Smaller funding rounds
• Plural, based out of San Francisco, raised $7.1 million in seed funding led by Paradigm for its blockchain-based energy asset tokenization platform, bringing its total funding to date to ~$10 million. Maven11, Volt Capital, and Neoclassic Capital also participated. Link.
• Hyperdrives, based out of Munich, raised an oversubscribed €3 million (~$3.5 million) in pre-seed funding led by Rethink Ventures to make high-performance electric drive systems. Link.
• Seabound, based out of London, raised £1.1 million (~$1.4 million) in U.K. government grant funding to build the world's first commercial-scale containerized carbon capture system, combining CO2 and air-pollutant capture for ships at the Port of Southampton. Link.
• RYE, based out of London, raised €1 million (~$1.2 million) pre-seed funding co-led by CapitalT and January Ventures for its energy intelligence software targeted at hospitality and other multi-site retail businesses.
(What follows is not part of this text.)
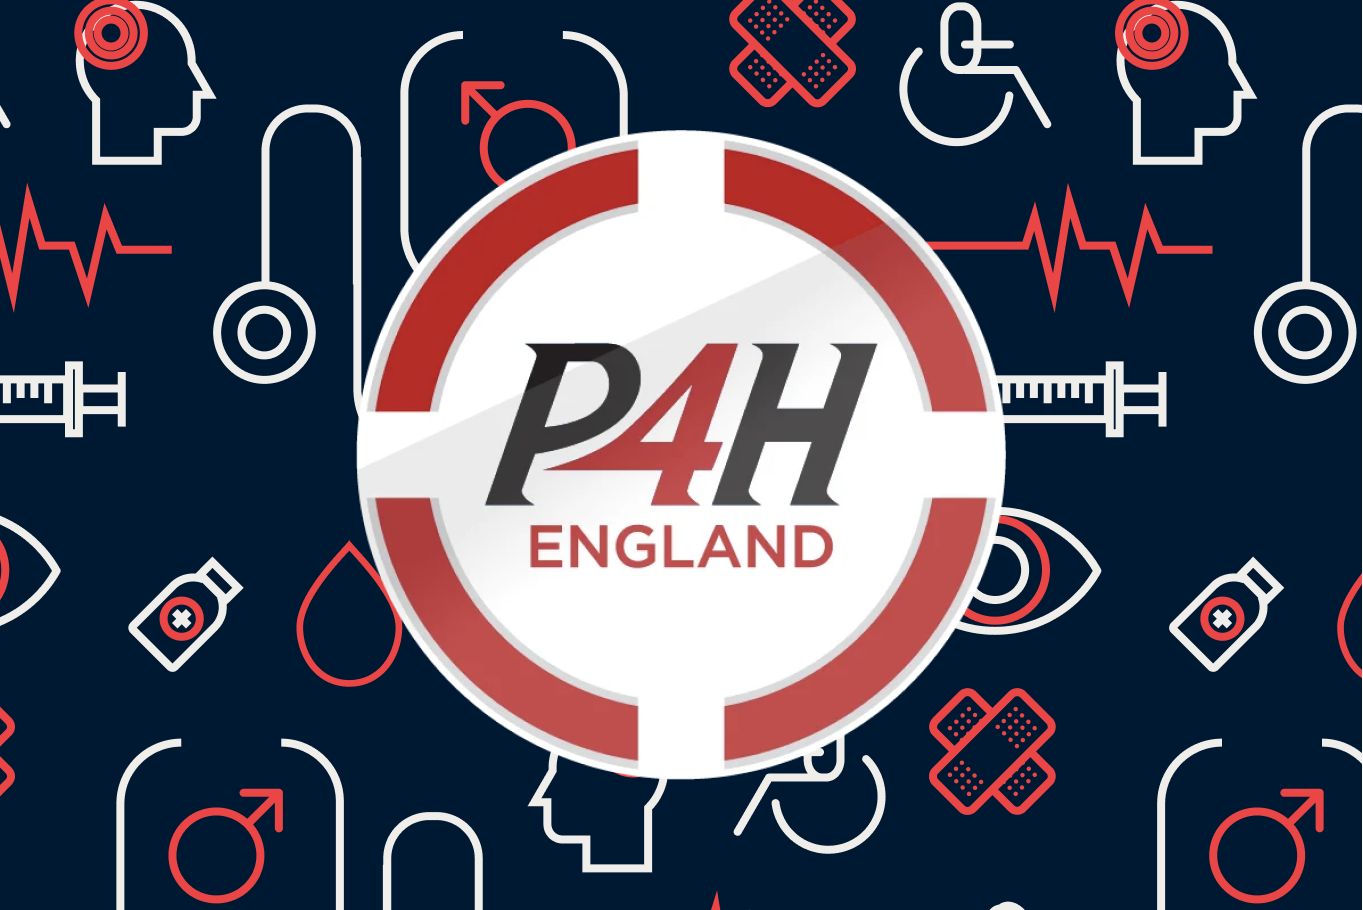 Logo of the P4H England event.

Link.
Not saying how much rounds
• Greenvoltis, based out of Sweden, closed a multi-million-dollar round led by DeepMind Capital for its real-time optimization platform for renewable and battery energy storage system operators and energy retailers. Link.
• Palmer Energy Technology Limited acquired Oxford University spin-out Brill Power, adding Brill Power’s cell-level energy management software to its battery energy storage system production capabilities. Link.
• Ayr Energy, based out of Houston, Texas, launched with seed funding from General Catalyst, claiming it already has over $250 million in contracts representing 10 GW of new power to manufacture power grid equipment. Link.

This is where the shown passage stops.